= YOUR ASSIGNMENT =
Return only the lines of the data below from the line with "Buy Tong Garden Almonds Smoked Flavour" up to and including the line with "signature brew stow", exactly as written, with the pictures omitted.

= EXERCISE DATA =

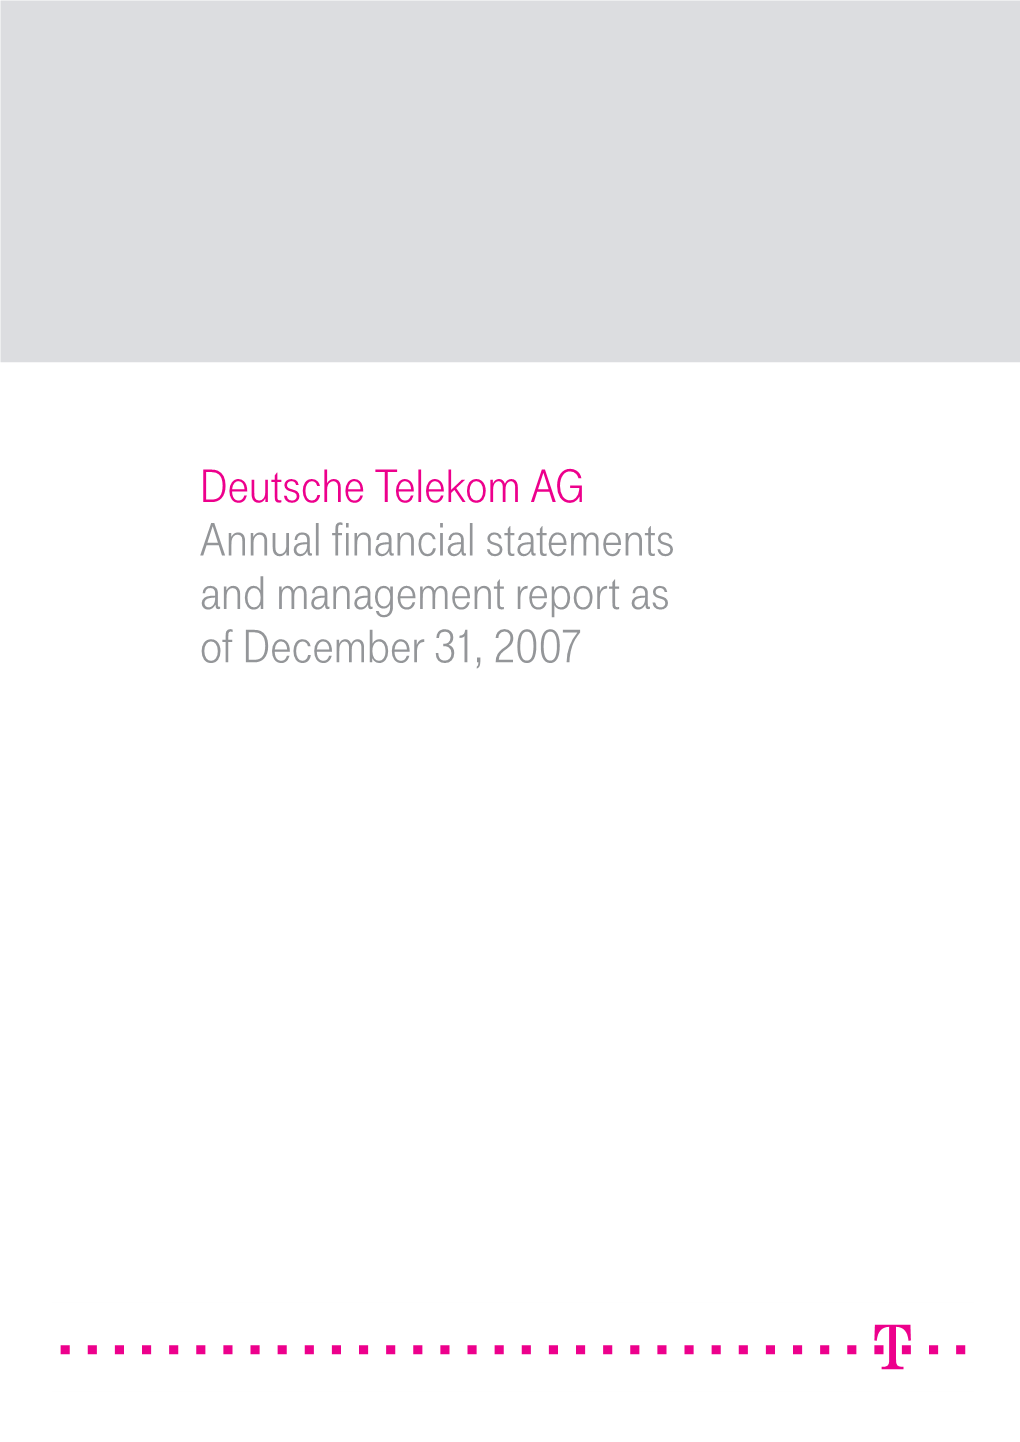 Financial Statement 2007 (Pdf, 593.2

--

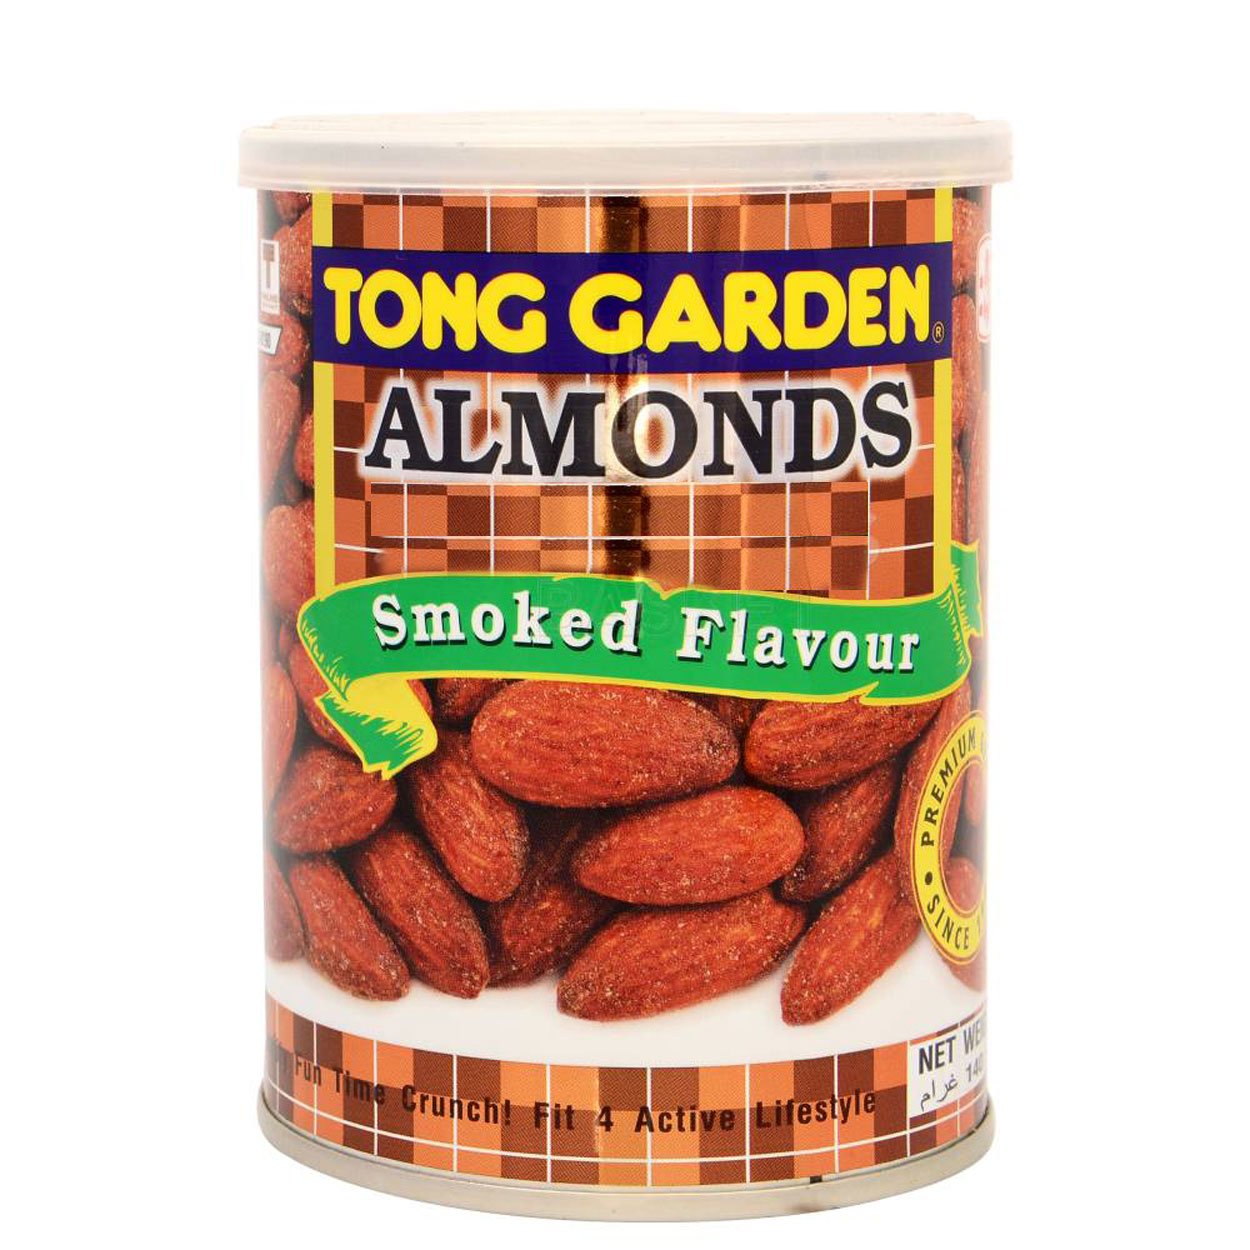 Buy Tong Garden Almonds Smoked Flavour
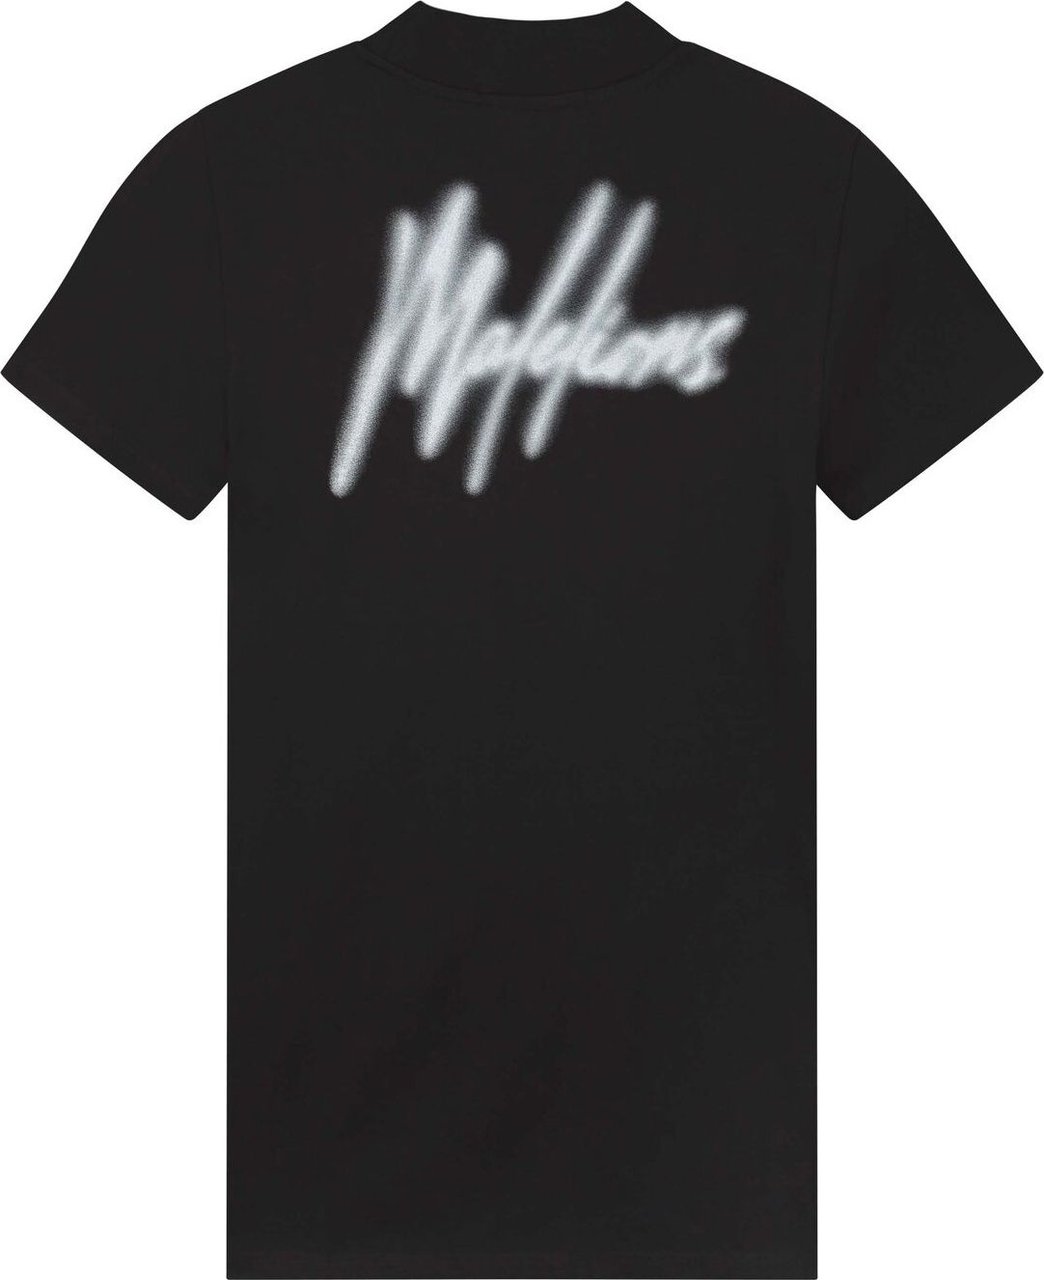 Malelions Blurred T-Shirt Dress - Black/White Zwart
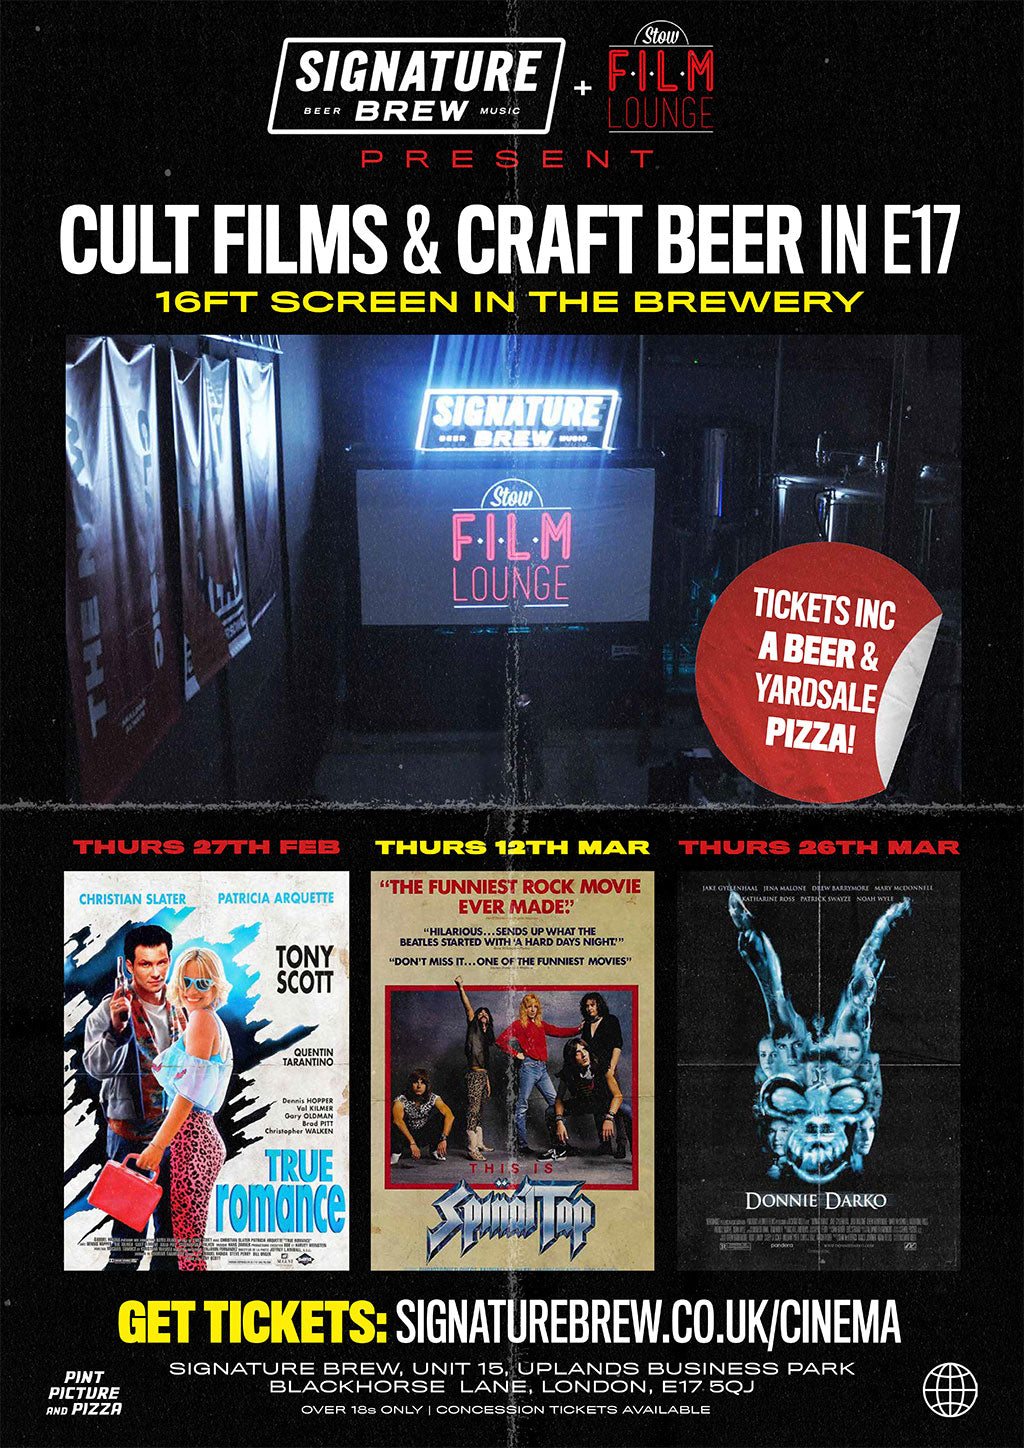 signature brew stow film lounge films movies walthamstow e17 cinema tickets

* * *

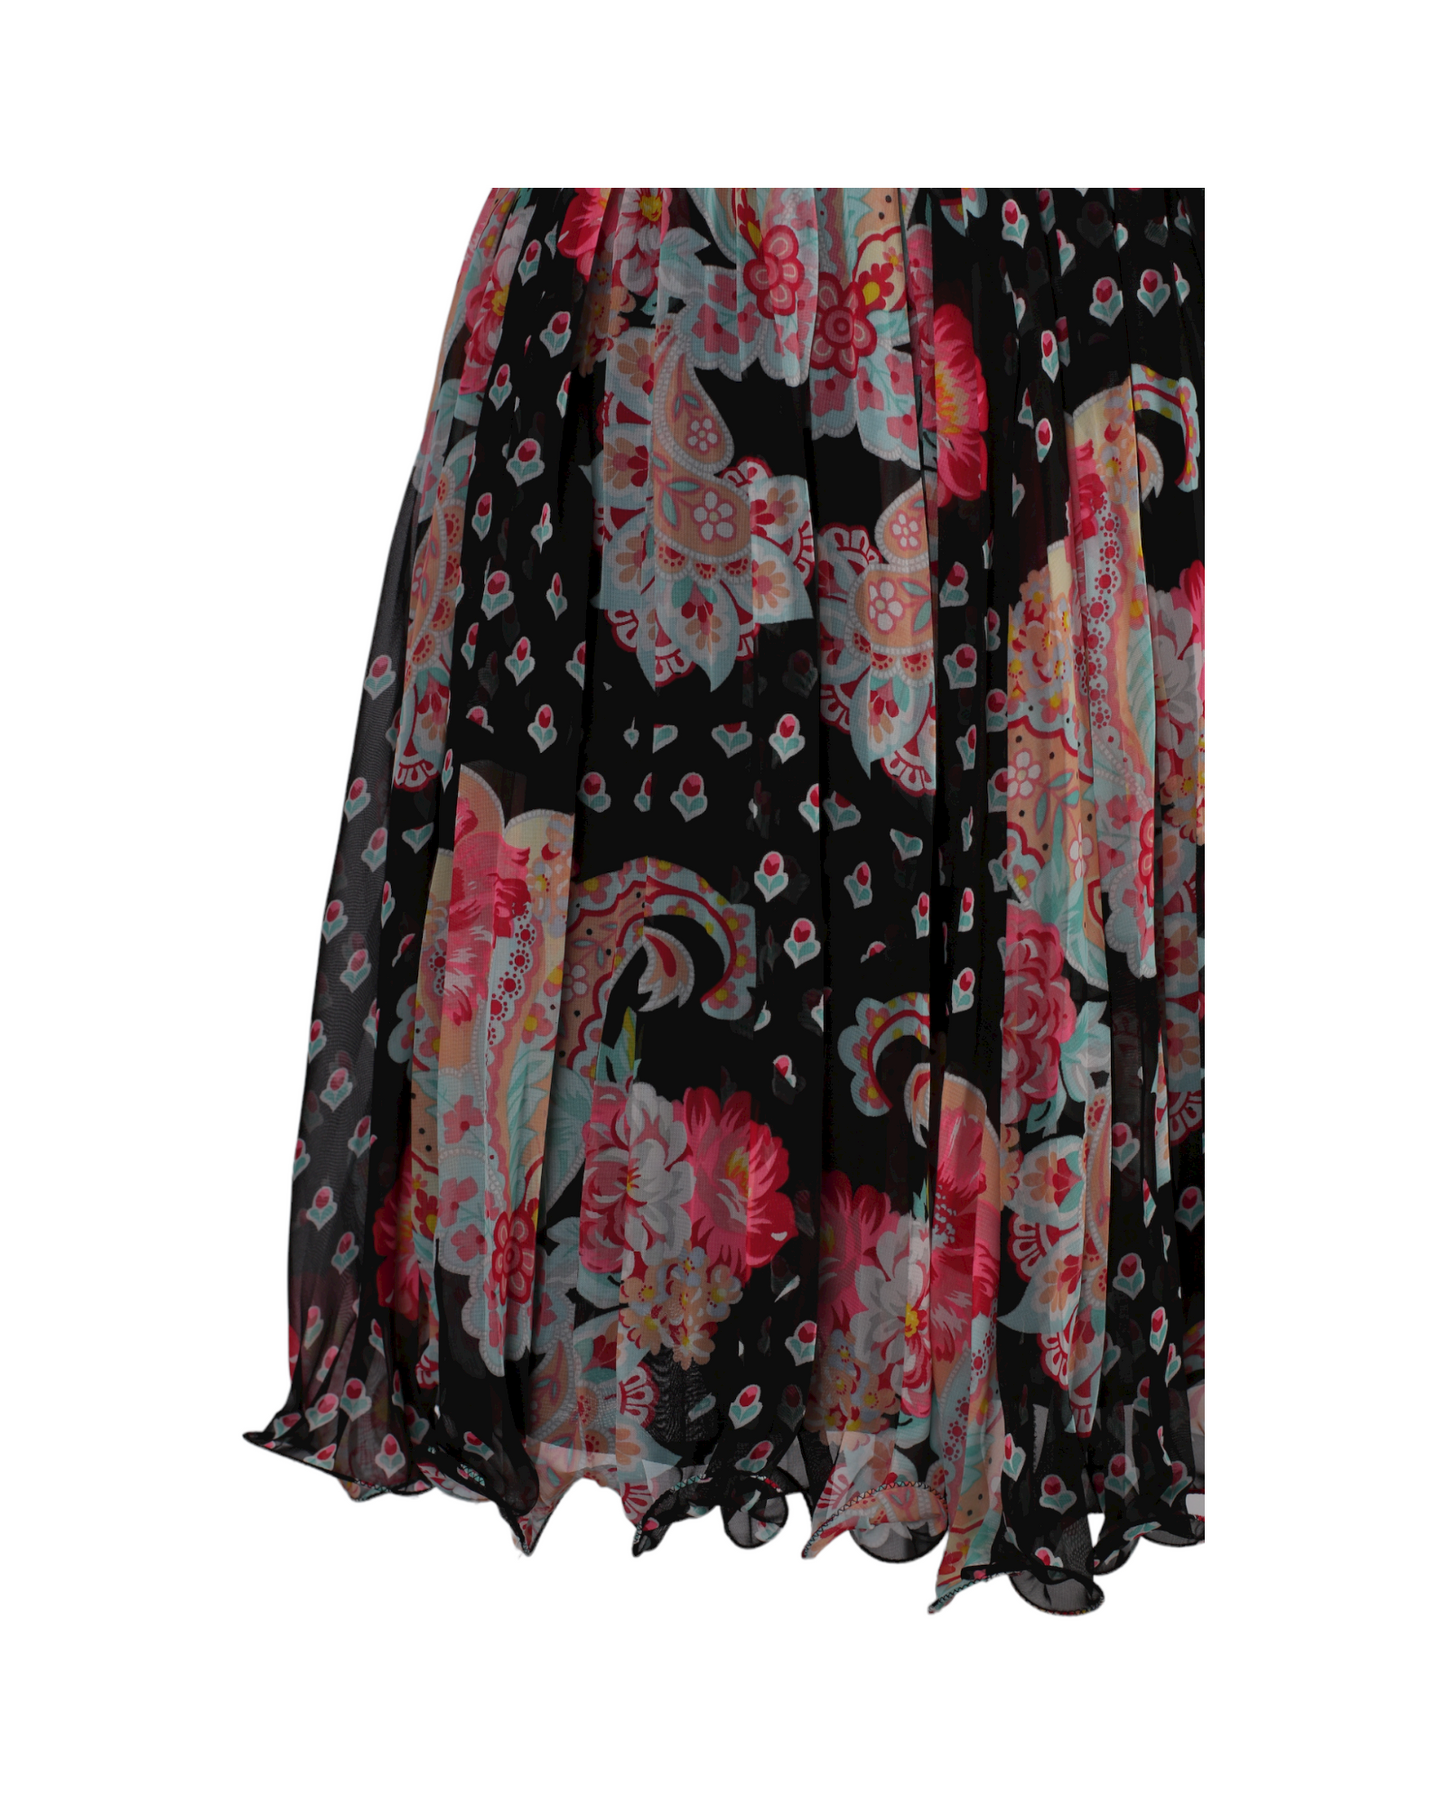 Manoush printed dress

= RESPONSE AREA =
 Buy Tong Garden Almonds Smoked Flavour
 Malelions Blurred T-Shirt Dress - Black/White Zwart
 signature brew stow film lounge films movies walthamstow e17 cinema tickets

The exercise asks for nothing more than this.